State Migration. BiStream [5] adopts a requesting phase and a scaling phase to adaptively adjust the resource management. However, it can only be adjusted in the window-based join model. In this section, we introduce the Tachyon [12] as a in-memory file server to store the state information, and use the operator states manager (OSM) [13] to achieve live migration from different nodes. This help us to complete the adaptive resource management in the full-history join model.

5 Evaluation

5.1 Experimental Setup

Environment. The testbed is established on a cluster of fourteen nodes connected by a 1 Gbit Ethernet switch. Five nodes are used to transmit data source through Kafka. One node serves as the nimbus of Storm, and the remaining eight nodes act as supervisor nodes. Each data source node and the nimbus node have a Intel E5-2620 2.00 GHz four-core CPU and 4 GB of DDR3 RAM. Each supervisor node has two Intel E5-2620 2.00 GHz four-core CPU and 64 G of DDR3 RAM. We implement comprehensive evaluations of our prototype on Storm-0.9.5 and Ubuntu-14.04.3.

Data Sets. We use TPC-H benchmark [14] to test the proposed algorithms, and generate the TPC-H data sets using the dbgen tool shipped with TPC-H benchmark. All the input data sets are pre-generated into Kafka before feeding to the stream system. We adjust the data sets with different degrees of skew on the join attributes under Zipf distribution by choosing a value for skew parameter z. By default, we set z = 1, and generate 10 GB data.

Queries. We employ three join queries, namely two equi-joins from the TPC-H benchmark (Q3 and Q5) and one synthetic band-join (Band) is used in [4, 5]. The Band are expressed as follows:

figure c

Models.
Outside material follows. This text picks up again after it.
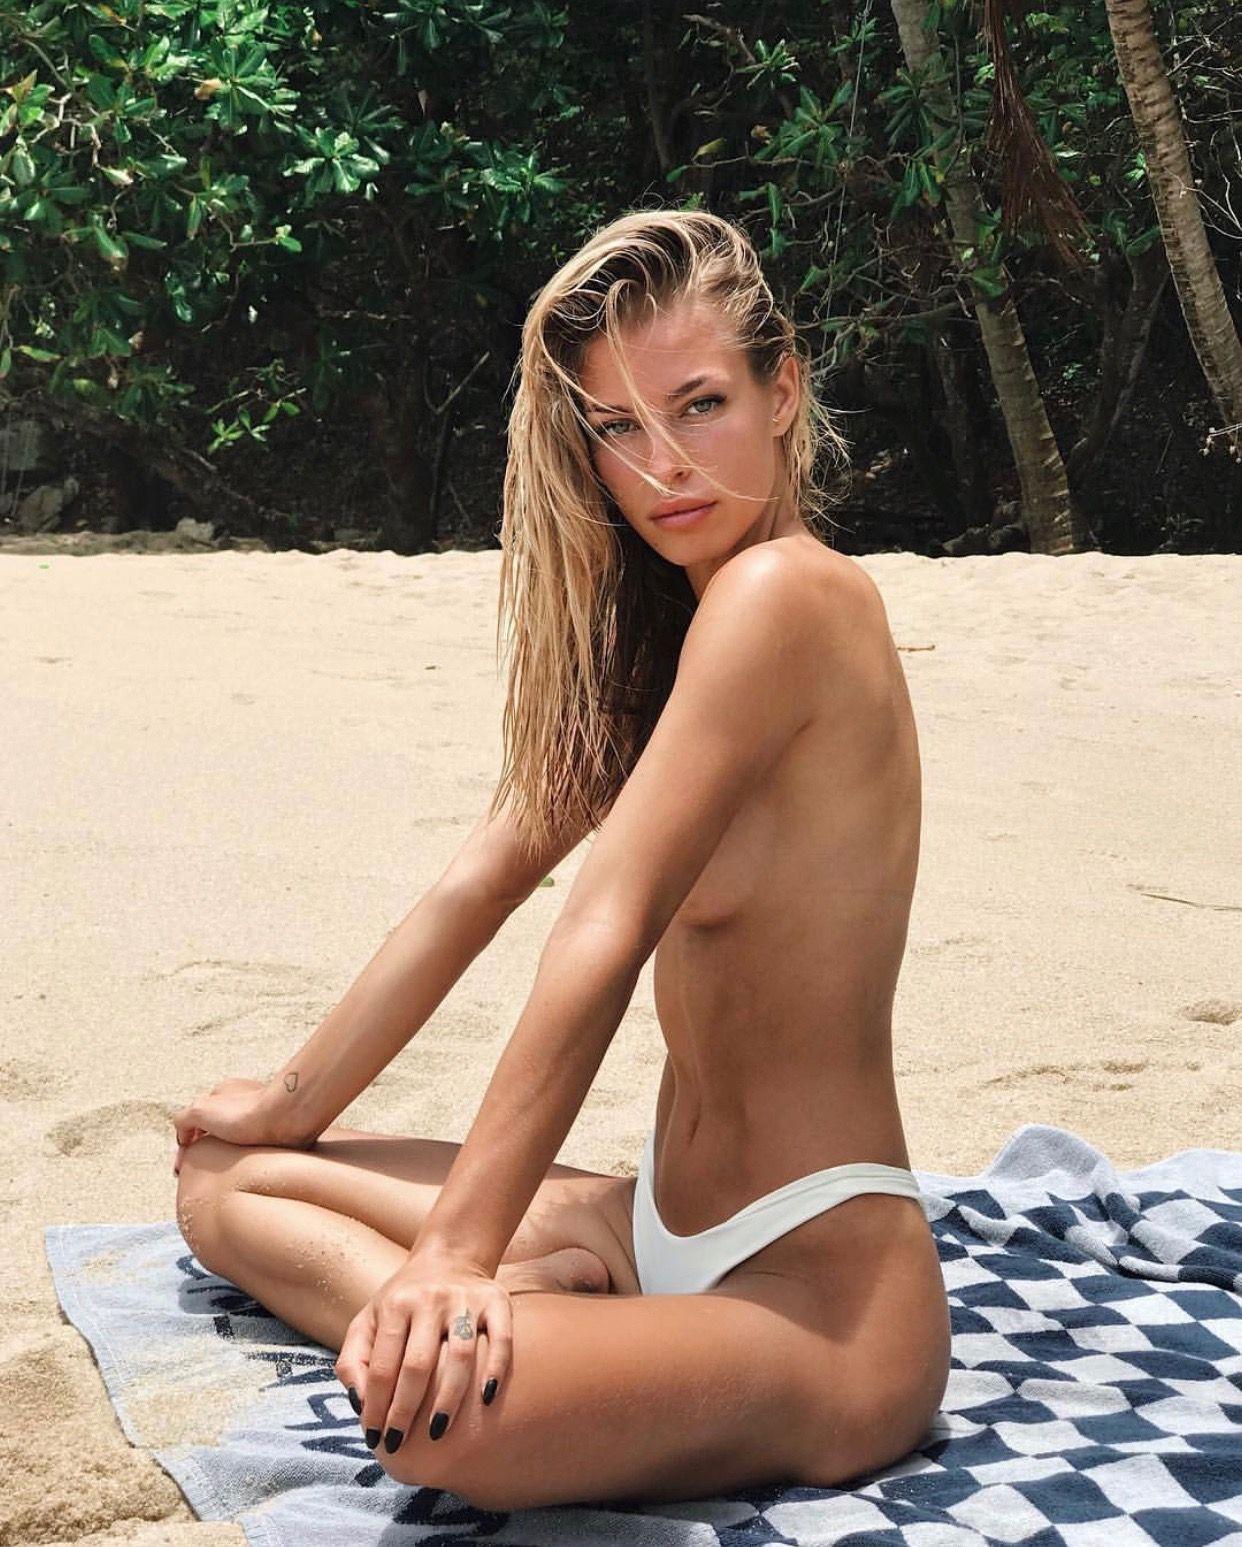 Jessica Goicoechea At Goicoechea22 Shee Bikinis Chicas Guapas Y
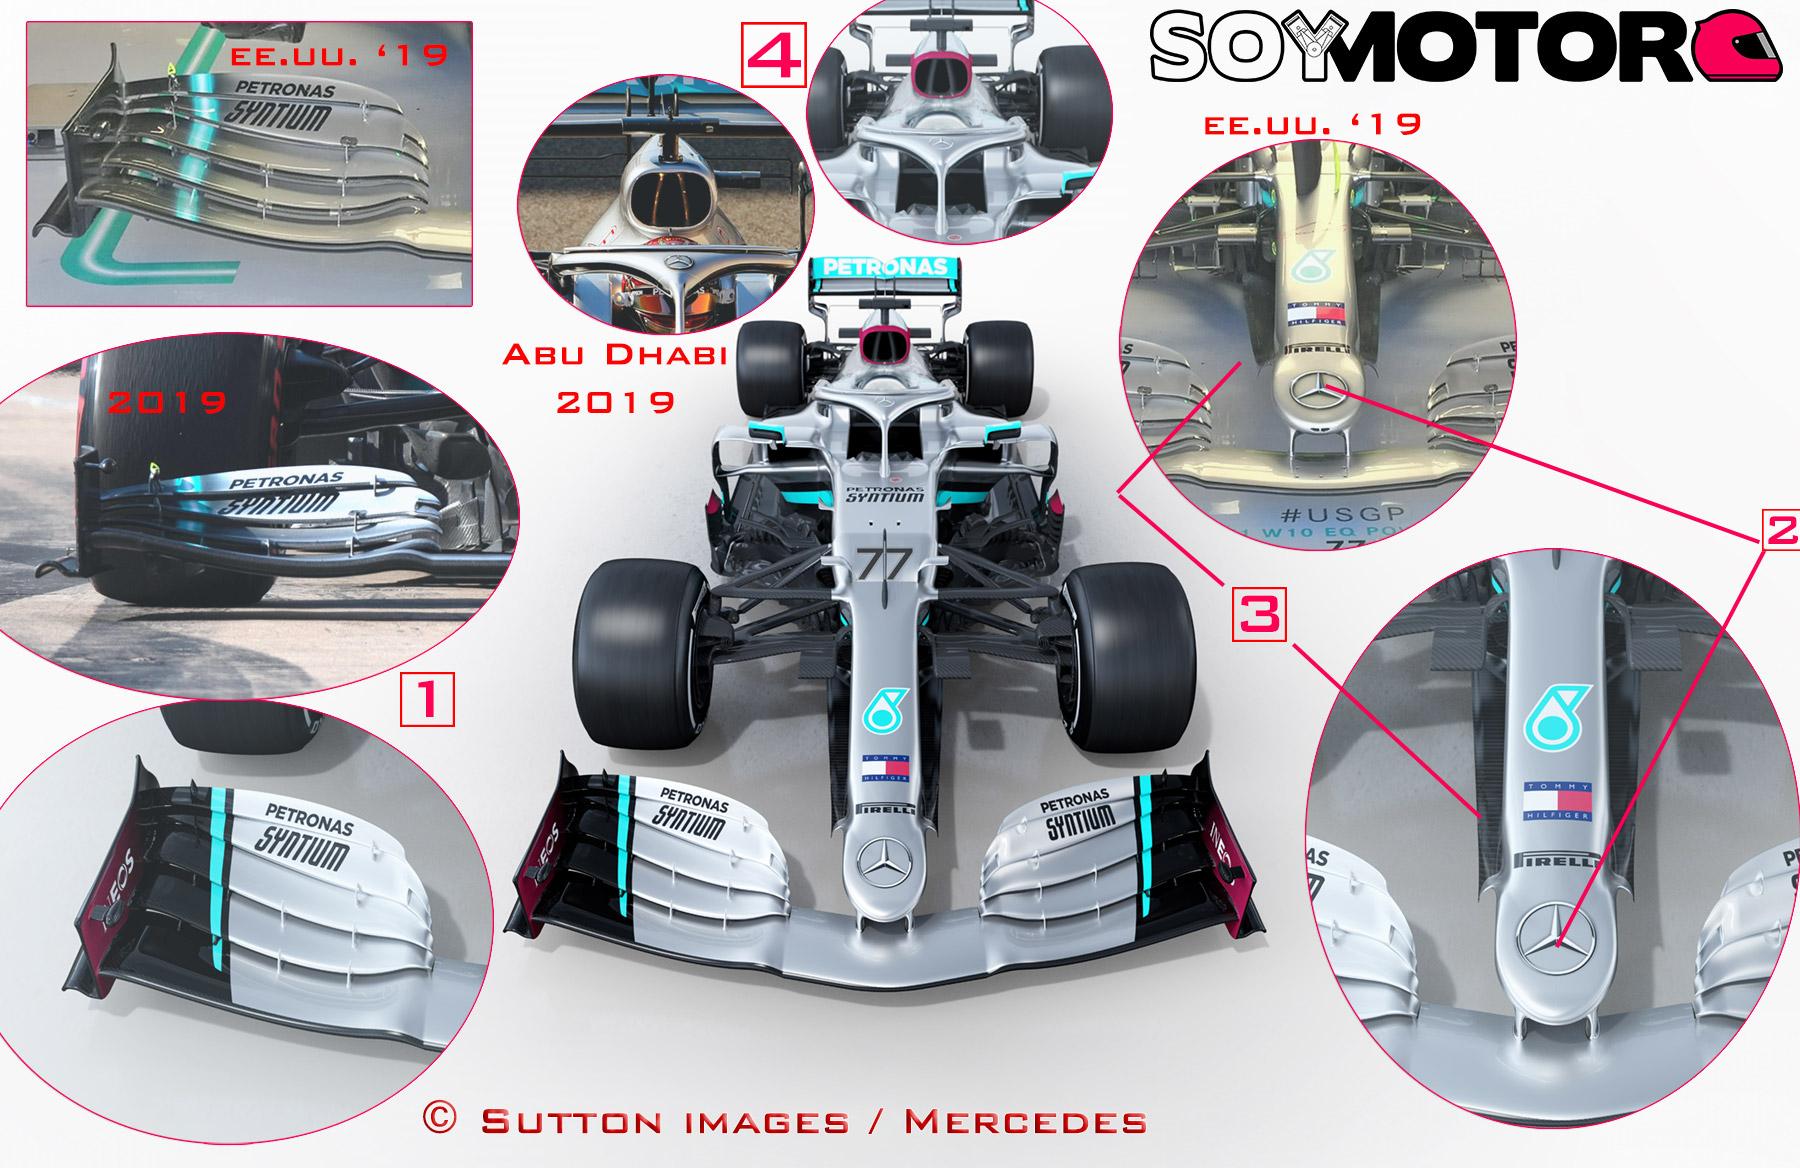 mercedes-frontal-1-soymotor.jpg

We use three algorithms for evaluating the query performance, namely D-JB, JB [5] and JB6 [5]. D-JB is proposed in this paper. JB divides the pus on average, and each half of the pus corresponds to a data stream. JB6 means there are 6 subgroups in each side for random routing.

5.2 Throughput and Latency

We compare the throughput and latency among the different models by using queries of Q3, Q5 and Band. As shown in Fig. 2(a), the throughput of D-JB is largest than JB and JB6. However, the throughput of JB is lowest due to it needs to do the whole network broadcast operation, the communication is too large. Figure 2(b) shows that the latency of D-JB is lowest, and the latency of JB is highest.

Fig. 2.
figure 2

Throughput and latency

5.3 Scalability

When the cluster scales out, we further study the scalability of D-JB, JB and JB6. Since JB and JB6 do not support scaling out dynamically for full-history online join, we use Taychon to implement these models, which can scale out processing nodes without restarting topologies in Storm. As shown in Fig. 3(a), (b) and (c), the run time of D-JB is the shortest in these models, and the scalability of D-JB is the strongest. Moreover, since Q5 involves the largest number of data streams and the most complex join operation, the run time of Q5 is more than Q3 and Band. And, because of Band involves only one data stream, it can get the minimum run time.

Fig. 3.
figure 3

Runtime

6 Conclusion

In this paper, we propose online join method for skewed and varied data streams. Based on the join-biclique model, we give a mixed key-based and tuple-based partitioning scheme to handle data skew in one side of the join-biclique model, and present a strategy for redistribution of processing units in two sides of this model. Finally, we design a migration algorithm about state consistency to support full-history joins and adaptive resource management. Our experimental results demonstrate that our proposed framework can be better to deal with data skew, significantly improve the throughput and reduce the latency of DDSMS.